Шли дни, и тень страха перед Морготом удлинялась. Но в 469 году, после возвращения нолдор в Средиземье, забрезжила надежда среди эльфов и людей, оттого что пронеслась весть о деяниях Берена и Лютиэнь, и о том, как был унижен Моргот на своем троне в Ангбанде. И многие говорили, что Берен и Лютиэнь все еще были живы, или уже вернулись из Палат Мандоса. В этот год подошли к концу великие советы Маэдроса, и с возобновленной силой эльдар и эдайн наступление войск Моргота остановили, а орков выдворили из Белерианда. Затем пошли слухи о грядущих победах, и об отмщении за битву Браголлах, когда Маэдрос поведет свою великую дружину, и загонят они Моргота под землю и запрут Ворота Ангбанда навеки.
Но не чувствовали той же радости мудрые, боясь, что слишком скоро открыл Маэдрос свою растущую мощь, и у Моргота было достаточно времени, чтобы на совете решить, что можно сделать против него. "И новое зло будет выведено в Ангбанде, о котором не догадаются ни эльфы, ни люди", - говорили они. И осенью того года, как в подтверждение их слов, с севера под свинцовыми небесами пришло злое поветрие. Дыхание Зла прозвали его, ибо оно было ядовитым, и многие заболели и умерли осенью того года в северных землях, граничащих с Анфауглит, и были они все больше дети или молодые юноши и девушки.
В тот году Турину, сыну Хурина было только пять лет от роду, а Урвен, его сестре в начале весны исполнилось три. Её волосы золотились подобно желтым лилиям среди трав, когда играла она в полях, а смех её был похож на звон веселого потока, что бежал с холмов мимо стен дома её отца. Нен Лалайт называли его, и в его честь все жители звали девочку Лалайт, и сердца их радовались, пока она жила среди них.
Но Турина любили меньше неё. Он был темноволосым, как и его мать, и духом обещал походить на неё, поскольку он не был веселым и мало говорил, хоть и рано научился разговаривать. Всегда он казался старше своих лет.

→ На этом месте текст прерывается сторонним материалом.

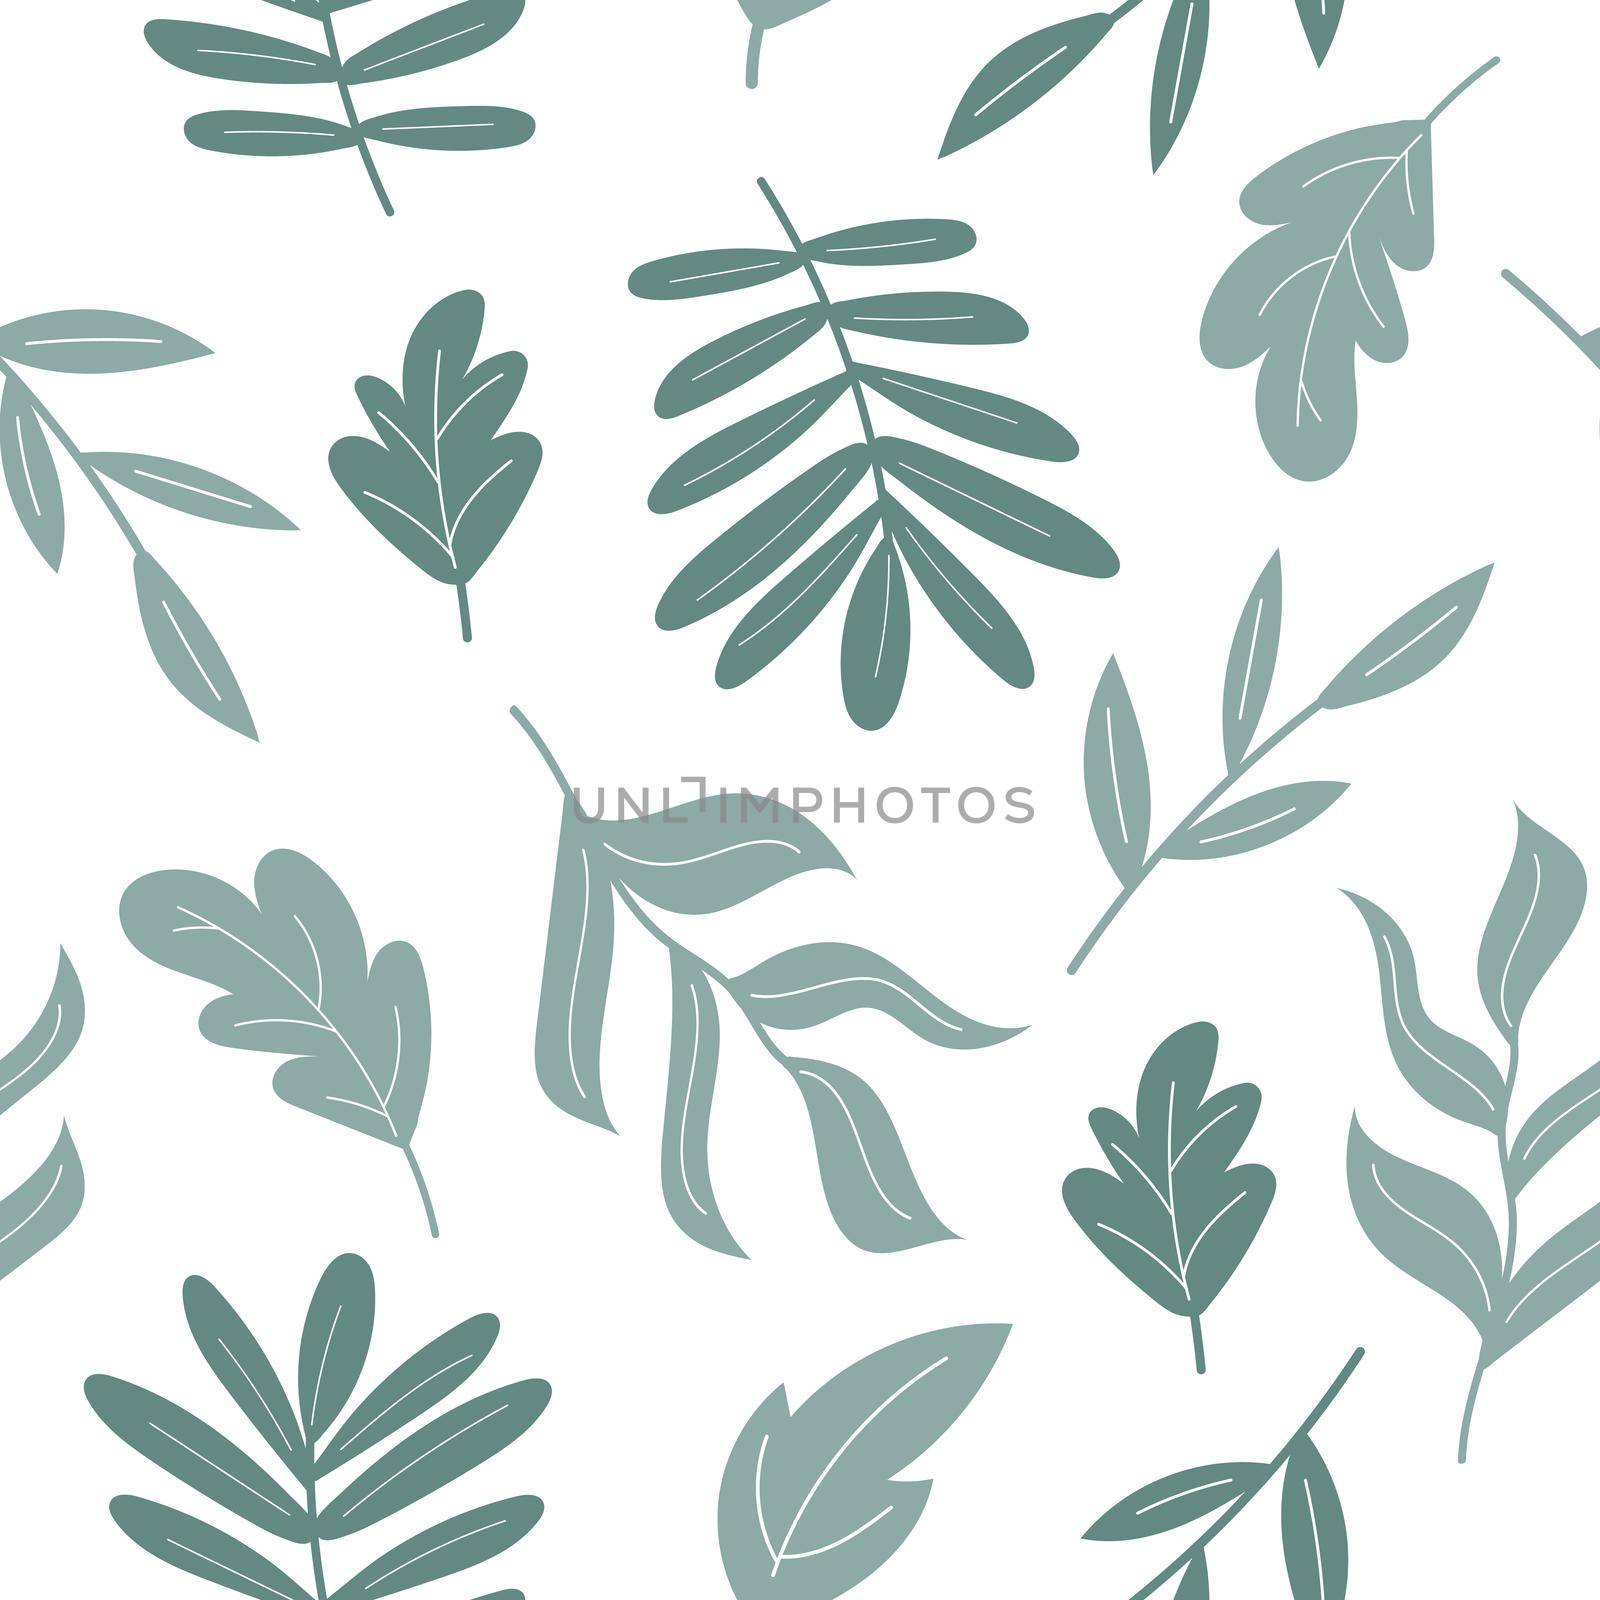 Decorative seamless spring pattern. Endless elegant texture with hand-drawn green leaves. Tempate for design fabric, backgrounds, wrapping paper
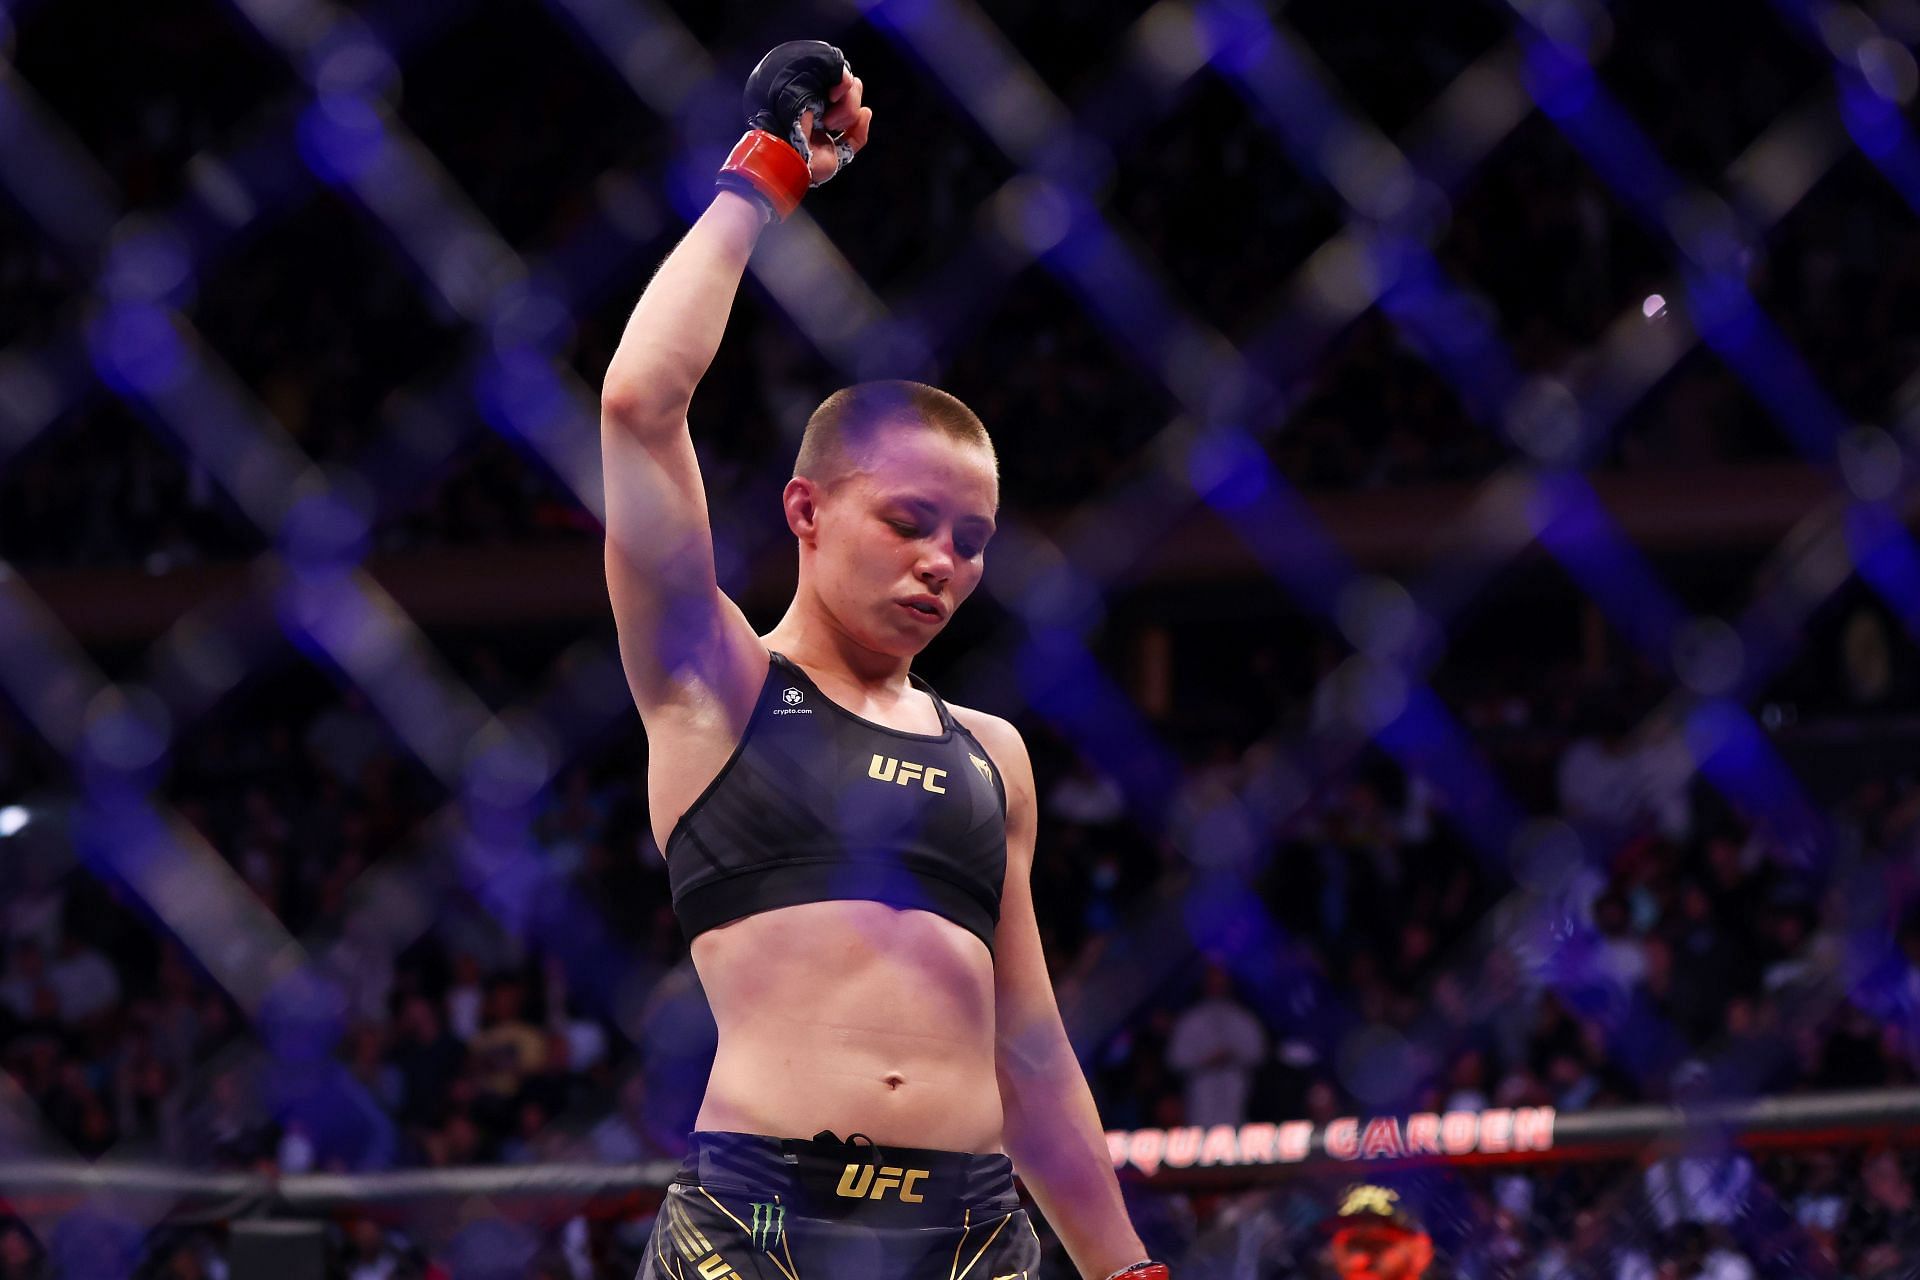 Is Rose Namajunas still the best strawweight in the world?

Долго не прощал он несправедливого обращения или насмешек. Но и пламя отца унаследовал он, ибо бывал он и жестоким, и скорым на расправу. Тем не менее сердце его знало и сострадание, а боли и печали живых существ трогали его до слез. В этом он тоже походил на отца, ибо Морвен не знала жалости ни к другим, ни к себе. Турин любил мать, ибо она разговаривала с ним просто и открыто. Отца своего он видел редко, ведь Хурина часто подолгу не бывало дома, когда он с войском Фингона защищал восточные границы. А лишь возвращался он, его быстрая речь, полная странных слов, шуток и недосказанности, сбивала Турина с толку и заставляла его чувствовать себя неловко. В то время всю любовь свою отдавал Турин своей сестре Лалайт. Однако он редко играл с ней, ему больше нравилось незамеченным охранять ее и наблюдать за ней, пока она ходила по лугам или сидела под деревьями. И пела она песни, сложенные детьми эдайн давным-давно, пока язык эльфов все еще был свеж у них на устах.
"Лалайт прекрасна как дитя эльфов, - сказал Хурин Морвен, - но, увы, куда недолговечней! И от этого еще более прекрасна она и, быть может, дороже". Услышав эти слова, Турин задумался над ними, но не смог уловить их глубинного смысла, ибо никогда он не видел детей эльфов. Никто из эльдар не жил в то время на землях его отца, и лишь единожды он видел их, когда Владыка Фингон и многие его подданные в сверкающих серебристо-белых одеждах пересекали мост через Нен Лалайт, проезжая по землям Дор-Ломина.
Справедливые слова его отца подтвердились еще до истечения года, ибо Дыхание Зла пришло в Дор-Ломин и Турин заболел. Долго лежал он в лихорадочном темном забытьи. А когда очнулся он, поскольку такова была его судьба и сильна была жизненная сила, что текла в нем, он спросил о Лалайт. Но ответила его наставница: "Не говори больше о Лалайт, сын Хурина, а о своей сестре Урвен спроси у матери".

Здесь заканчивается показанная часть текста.